Optionally, acquiring a work area comprises: acquiring a target flight task file, wherein the target flight task file comprises position information of a target waypoint; and determining the operation area formed by the target waypoints according to the position information of the target waypoints.

In some embodiments, the target flight mission file includes position information of the target waypoints from which the work area formed by the target waypoints may be determined. Therefore, the unmanned aerial vehicle can acquire the operation area from the target flight mission file. For example, the drone may acquire a target flight mission file, such as a KML file, from a control terminal.

Optionally, acquiring a work area comprises: selecting position information of a plurality of target waypoints on a flight track of the unmanned aerial vehicle; and determining the operation area formed by the target waypoints according to the position information of the target waypoints.

In some embodiments, the work area may also be acquired according to a manual operation by the user. For example, position information of a plurality of target waypoints is selected on the flight trajectory of the unmanned aerial vehicle by a direct unmanned aerial vehicle flight mode, and the target waypoints form a working area.

S802, acquiring parameter information of the segmentation grids, wherein the parameter information is related to the flight range of the unmanned aerial vehicle.

In this embodiment, there is great influence on duration and flight range of unmanned aerial vehicle by the model, flight altitude and other parameters of unmanned aerial vehicle. Therefore, the segmentation grid parameters can be determined according to the model parameters of the unmanned aerial vehicle and the like, and the segmentation grid parameters can also be manually set by a user. Wherein, the parameter information of the segmentation grids comprises: the type of segmentation mesh and/or the area of the segmentation mesh. The flight range of the unmanned aerial vehicle refers to the range of single flight of the unmanned aerial vehicle. Of course, the flight range of the drone may also be set autonomously by the user as required. For example, when the user desires the flight range of the drone to be a certain range, the segmentation mesh parameters may be manually set as needed, which is not limited herein.

Optionally, obtaining parameter information of the segmentation mesh includes: and receiving parameter information of the segmentation grids input by a user.

In some embodiments, user input of parameter information for the segmentation mesh may be received. For example, when the user employs manual input of the grid area, the grid area is entered by the user (e.g., 0.5 km)²) Generating a grid with corresponding length, planning and dividing the shape into a square by default, and directly numbering the area input by a user, for example, setting the area to be 0.5km by the user²The side length of the segmented square is 0.707 km. It should be noted that other types of meshes, such as rectangle, triangle, circle, etc., may be required by the user. The user can also determine the area of the segmentation grid by setting the side length, the radius and the like. For example, the grid type is selected as a rectangle, the side lengths are set to be 1km and 0.5km respectively, and the area of the divided grid is set to be 0.5km²。
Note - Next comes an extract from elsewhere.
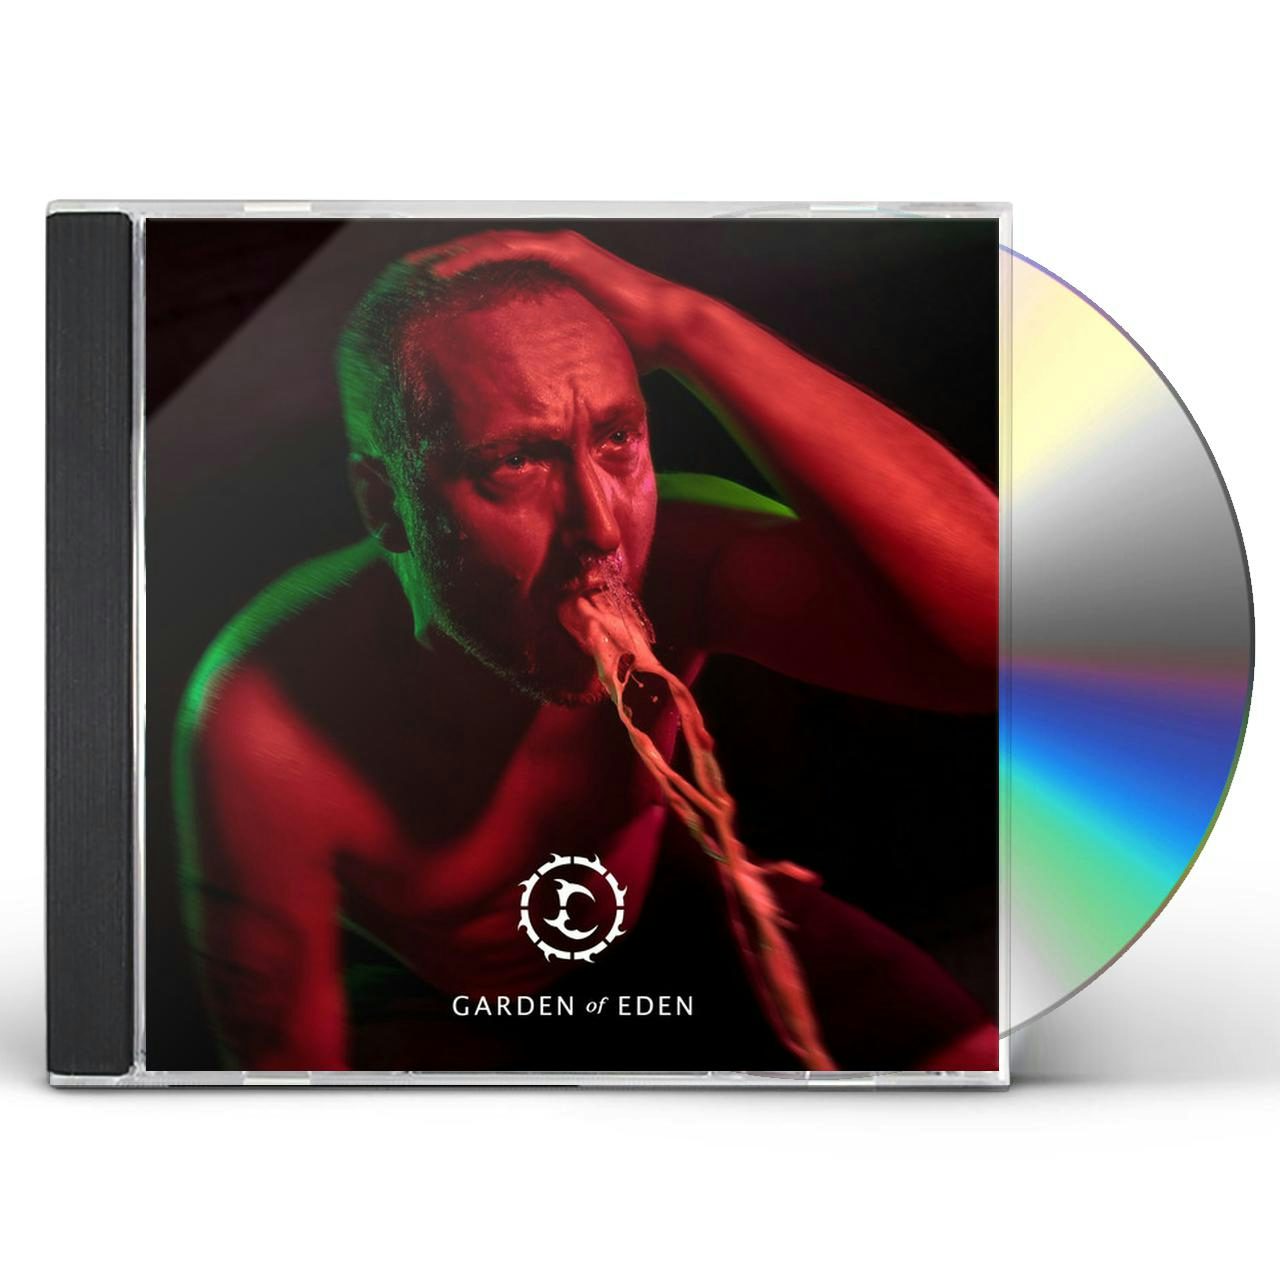 Curimus CD - Artificial Revolution $19.11

Optionally, obtaining parameter information of the segmentation mesh includes: and determining the parameter information of the segmentation grids according to the parameters of the unmanned aerial vehicle.
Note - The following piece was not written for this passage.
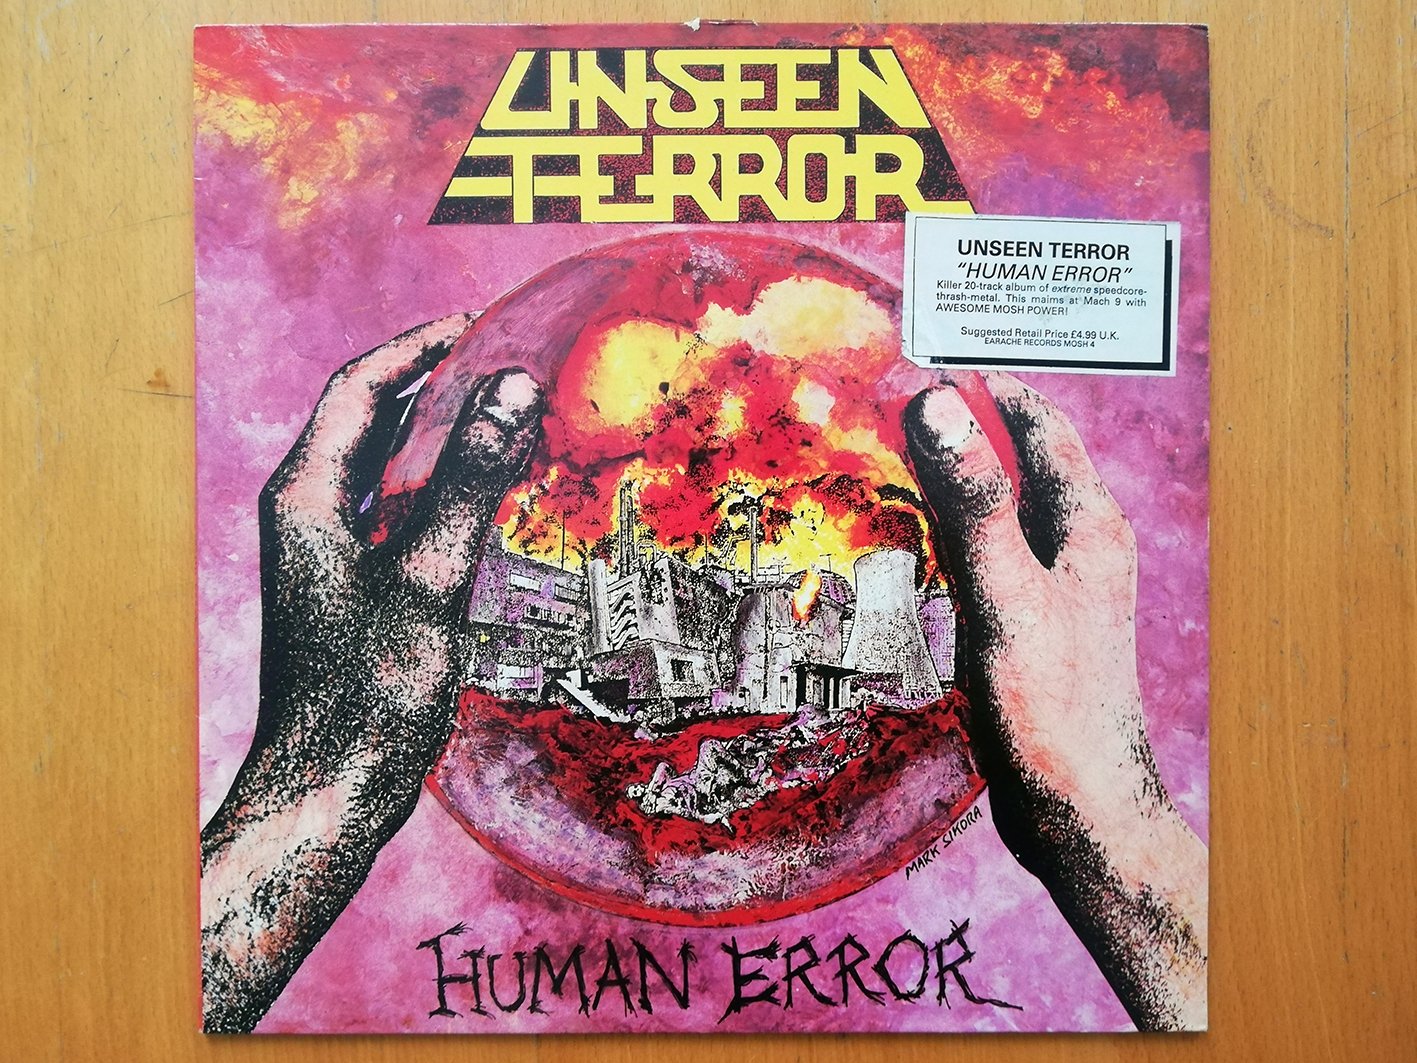 Unseen Terror - Human Error LP front cover 2.jpg

In some embodiments, the model, flight height and other parameters of the unmanned aerial vehicle have a great influence on the endurance and flight range of the unmanned aerial vehicle. Therefore, the parameters of the segmentation grids can be automatically determined according to the parameters of the unmanned aerial vehicle.

Optionally, determining parameter information of the segmentation mesh according to parameters of the drone, including: determining the endurance time and/or the route distance of the unmanned aerial vehicle according to the type of the unmanned aerial vehicle and the flight height of the unmanned aerial vehicle; determining the range of single operation of the unmanned aerial vehicle according to the endurance time and/or the route distance; and determining the parameter information of the segmentation grid according to the range of single operation of the unmanned aerial vehicle.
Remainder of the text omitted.